Через несколько лет Сашку перестанут приглашать сниматься. Мода на нее пройдет, а то, что она капризничает на съемочной площадке, уж известно. Каждый режиссер пока надеется, что это у других, а уж он-то ее переломает, тем более что актриса она действительно превосходная, ни на кого не похожа — стоит повозиться. Но по прошествии лет таких режиссеров будет становиться все меньше: я-то знаю, на моих глазах происходили блистательные вспышки актерских дебютов и потом угасание в полной безвестности, забвении, даже гроб некому вынести.

«Режиссер есть режиссер, а дисциплина входит в профессионализм!» — твержу я Сашке. «Мамочка, но ты же согласна, что он не режиссер, а идиот. Вот когда я снималась у Андрея, я слушала его с открытым ртом. Но и он со мной советовался…»

4

— Сейчас век интеллектуального кино, — говорит мне Сашка, поднимая телефонную трубку. — Да?.. Мало написать сюжет, диалог и характер. Это только для нашей провинции проблема. Во всем мире это умеет делать любой ремесленник от кино. Нужна мысль, отбирающая, организующая материал. Мысль, а не сюжет должна двигать действие. Вот Бергман, Лелюш, Брессон… Алло, Игорь? Ну что?.. Значит, маме гримироваться? Папы нет еще, я сама позвоню Марине и Люсе. Слушай, обедать идем в шесть, и мама сразу же на грим. Приходи.

Звонит помрежу, чтобы та распорядилась машиной и собрала групповку, потом гримерше.

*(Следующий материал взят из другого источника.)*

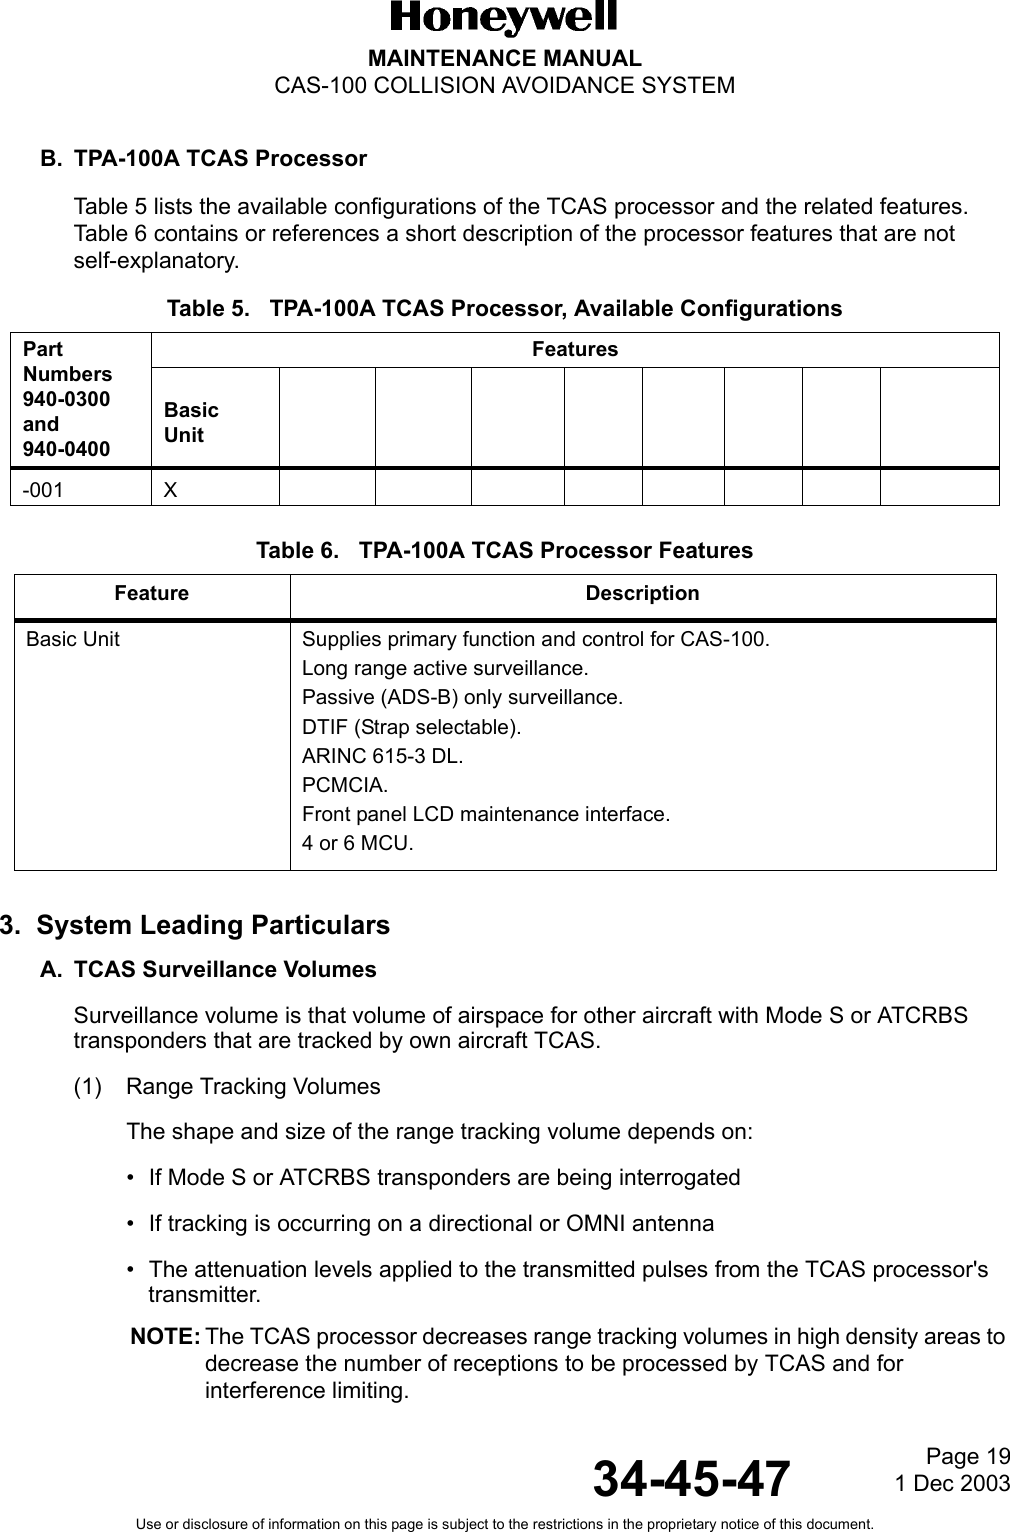 Page 19  1 Dec 200334-45-47MAINTENANCE MANUALCAS-100 COLLISION AVOIDANCE SYSTEMUse or disclosure of information on this page is subject to the restrictions in the proprietary notice of this document.B. TPA-100A TCAS ProcessorTable 5 lists the available configurations of the TCAS processor and the related features.  Table 6 contains or references a short description of the processor features that are not self-explanatory.Table 5.   TPA-100A TCAS Processor, Available ConfigurationsTable 6.   TPA-100A TCAS Processor Features3.  System Leading ParticularsA. TCAS Surveillance VolumesSurveillance volume is that volume of airspace for other aircraft with Mode S or ATCRBS transponders that are tracked by own aircraft TCAS.(1) Range Tracking VolumesThe shape and size of the range tracking volume depends on:• If Mode S or ATCRBS transponders are being interrogated• If tracking is occurring on a directional or OMNI antenna • The attenuation levels applied to the transmitted pulses from the TCAS processor&apos;s transmitter.NOTE: The TCAS processor decreases range tracking volumes in high density areas to decrease the number of receptions to be processed by TCAS and for interference limiting.PartNumbers940-0300 and940-0400FeaturesBasicUnit-001 XFeature DescriptionBasic Unit  Supplies primary function and control for CAS-100. Long range active surveillance.Passive (ADS-B) only surveillance.DTIF (Strap selectable).ARINC 615-3 DL.PCMCIA.Front panel LCD maintenance interface.4 or 6 MCU.

Мой энергичный, мой глупый, беззащитный в своей самоуверенности ребенок…

«Согласна. Но, Сашок, талантливых фильмов мало и в мировом кино. Талант — редкость везде. Ремесло ремеслом, а талант талантом». — «Талант! Дилетанты мы, мамуля, вот что!» — «Ладно, умная дочь, я полезла в ванну, потом попытаюсь уснуть. В половине шестого разбуди меня. Ты где будешь?» — «У себя в номере. Я спущусь, я знаю, ты пугаешься звонков, если заснула».

Лезу в горячую воду, пытаюсь расслабиться, потом ложусь, задернув занавески. Гудят пароходы на Волге, грохочет землечерпалка. Засыпаю.

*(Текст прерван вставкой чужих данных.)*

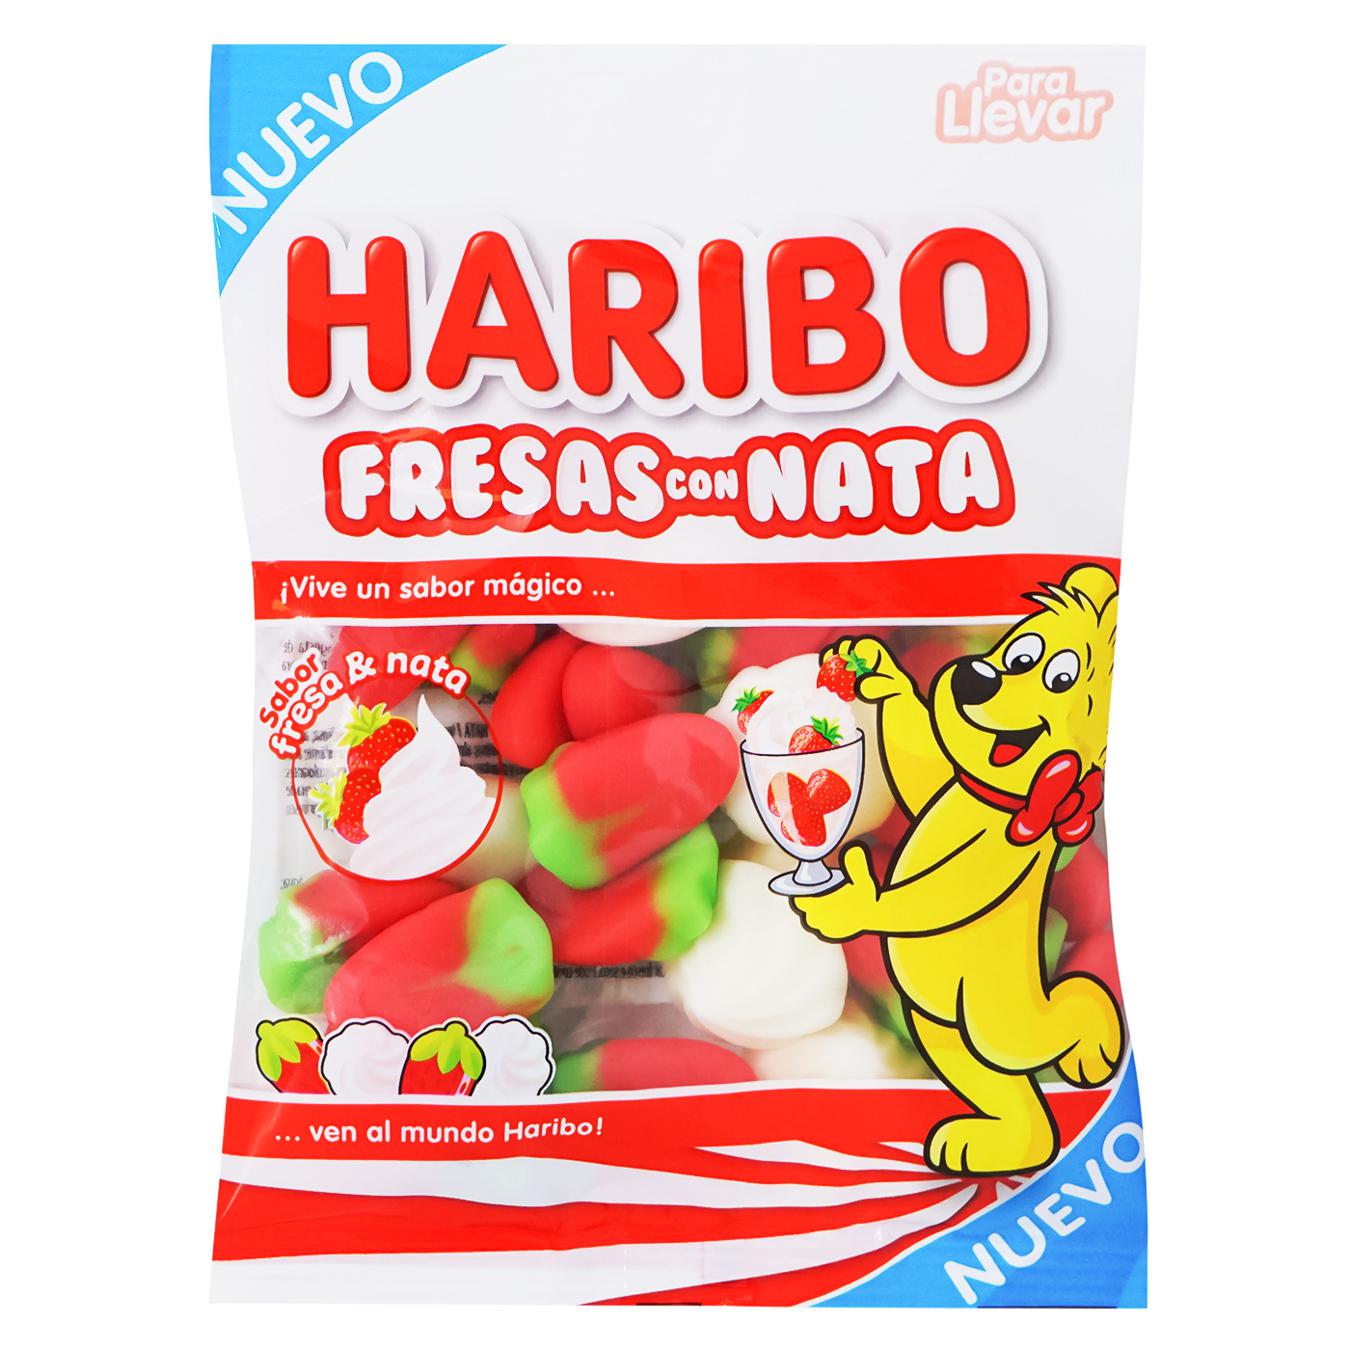 Haribo strawberry and cream chewy candy 100g

Сон. Во сне я видела, что Сашка — еще подросток, что она привела в дом мальчишек, они играют в какую-то нехорошую игру, непоправимо нехорошую. Я врываюсь в комнату, бью Сашку жестоко, со злобой, с ненавистью. Этой сцены не было, ее никогда не могло быть. Что отыгралось в моем уставшем мозгу? Мысли об отце, томящие позавчера, вчера, сегодня? Отец, я, дочь. Кровная связь, гены, цепочка временны́х перемен?

Нет… Конечно, я не ревную свое дитя к Игорю Сергеевичу, он немолод и неинтересен для нее, она кокетничает с ним по привычке и чтобы оператор хорошо снимал. Она любит своего второго мужа (с первым они разошлись, не прожив и полгода), у них полная гармония. Но я давно привыкла везде быть первой, быть единственной женщиной, теперь это уходит — и мне больно, мне непривычно перехватывать восхищенные взгляды, обращенные не на меня. И потом, я влюбчива, хотя умело скрываю это: миллион моих кратковременных экспедиционных влюбленностей глубоко похоронен в клетках моей памяти, о них не помню только я. Довольно редко я жажду реализации, продолжения — нельзя, я дорожу своим строгим именем. Потому моя влюбчивость — моя беда. Но, быть может, без этого все-таки нет актрисы и повышенная эмоциональная уязвимость — составная таланта?